▶ Aim of the task
Find the line below with "Contract of Indefinite" and the line with "The 'Great Ridge'". Output exactly those lines and everything between them, leaving out the pictures.

▶ Dataset content
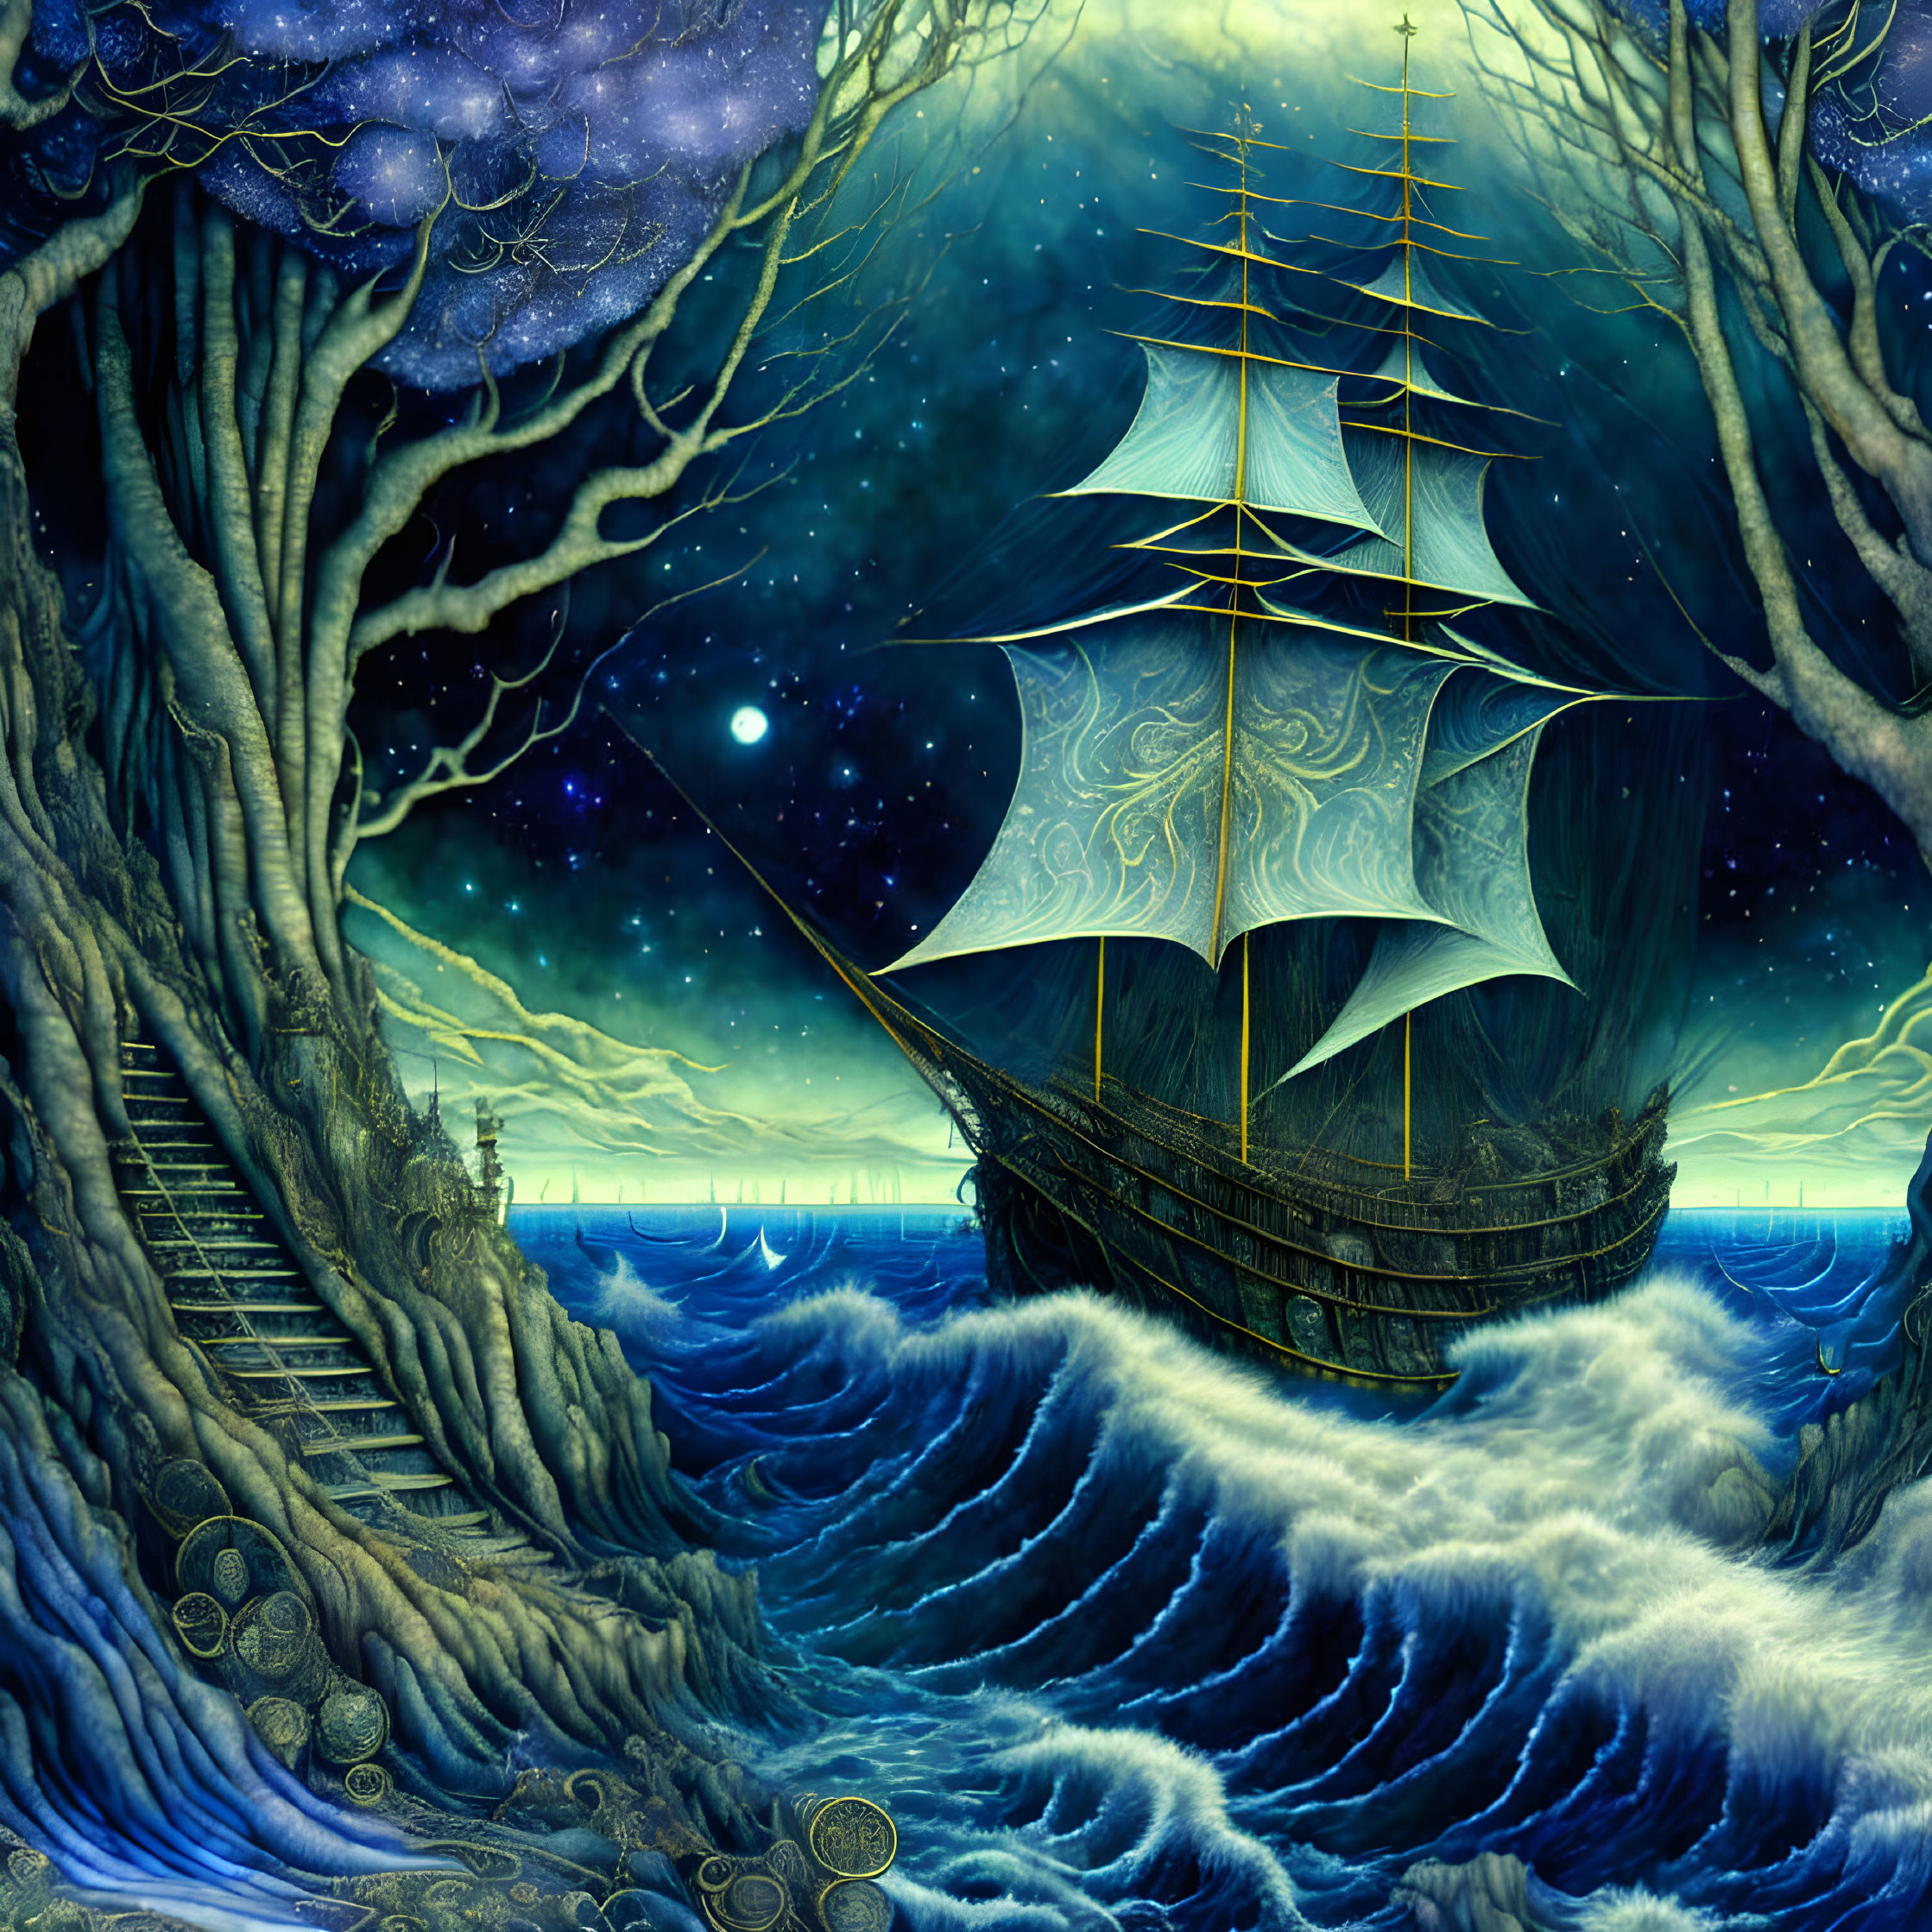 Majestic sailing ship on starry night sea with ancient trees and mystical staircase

==

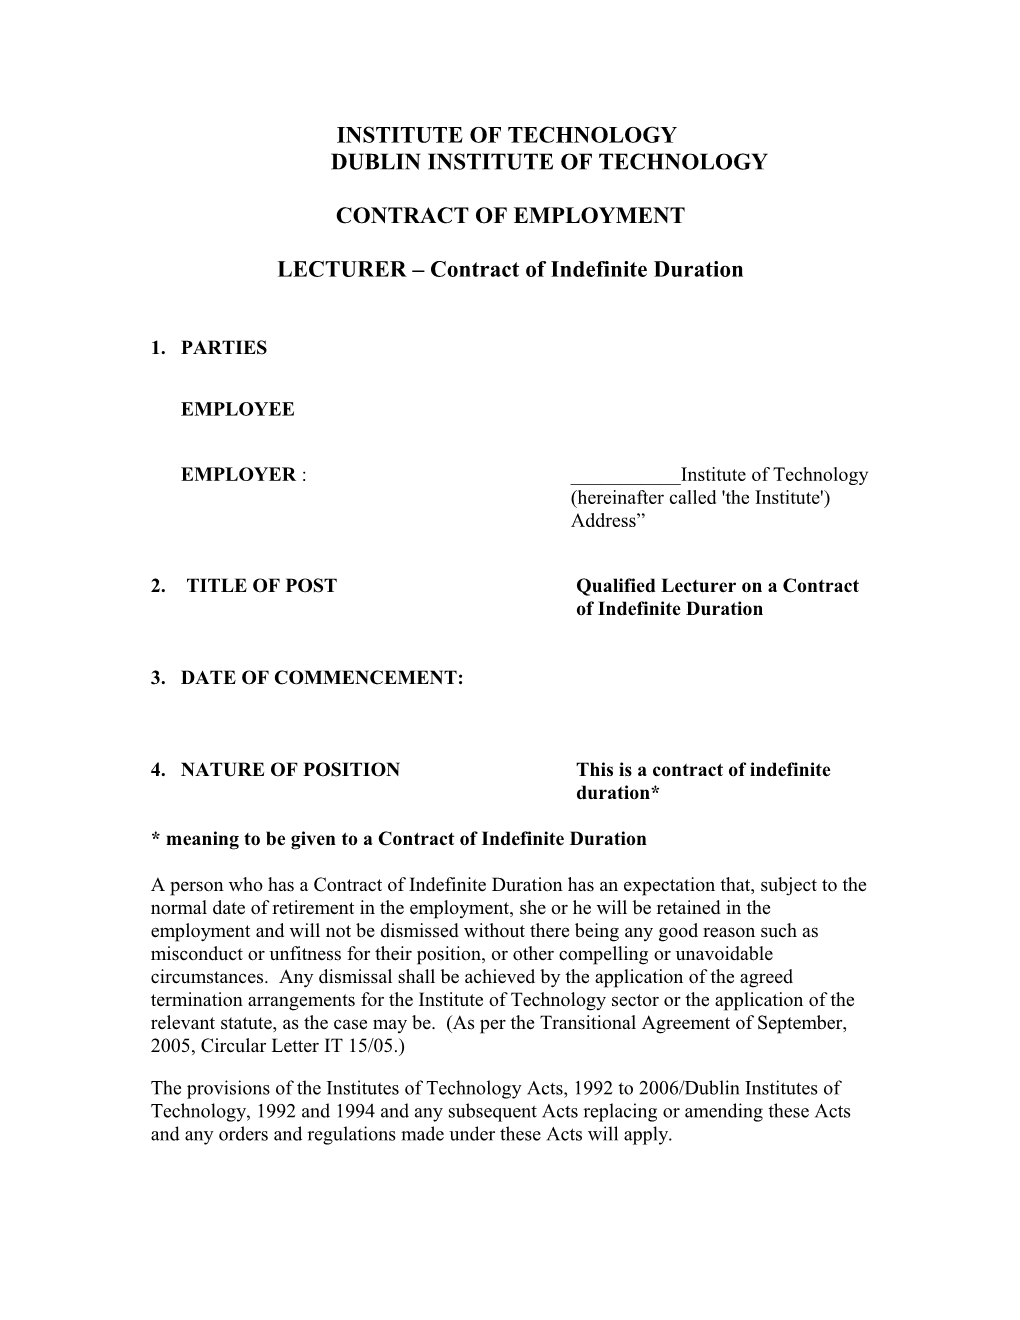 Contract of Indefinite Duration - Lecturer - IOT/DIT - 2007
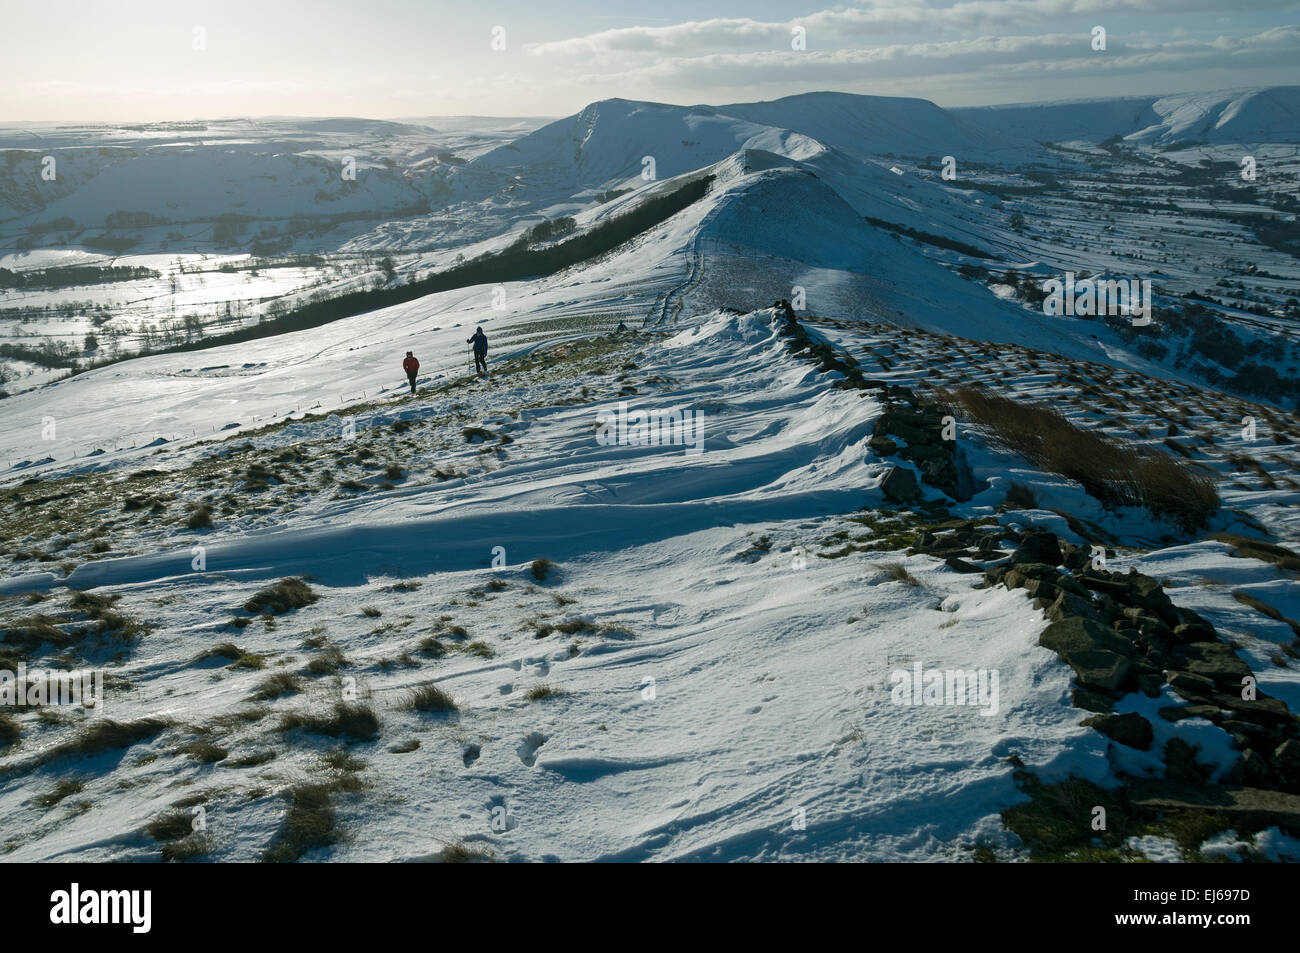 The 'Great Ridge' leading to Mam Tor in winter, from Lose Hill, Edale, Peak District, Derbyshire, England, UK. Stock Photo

▶ Finished task
 Contract of Indefinite Duration - Lecturer - IOT/DIT - 2007
 The 'Great Ridge' leading to Mam Tor in winter, from Lose Hill, Edale, Peak District, Derbyshire, England, UK. Stock Photo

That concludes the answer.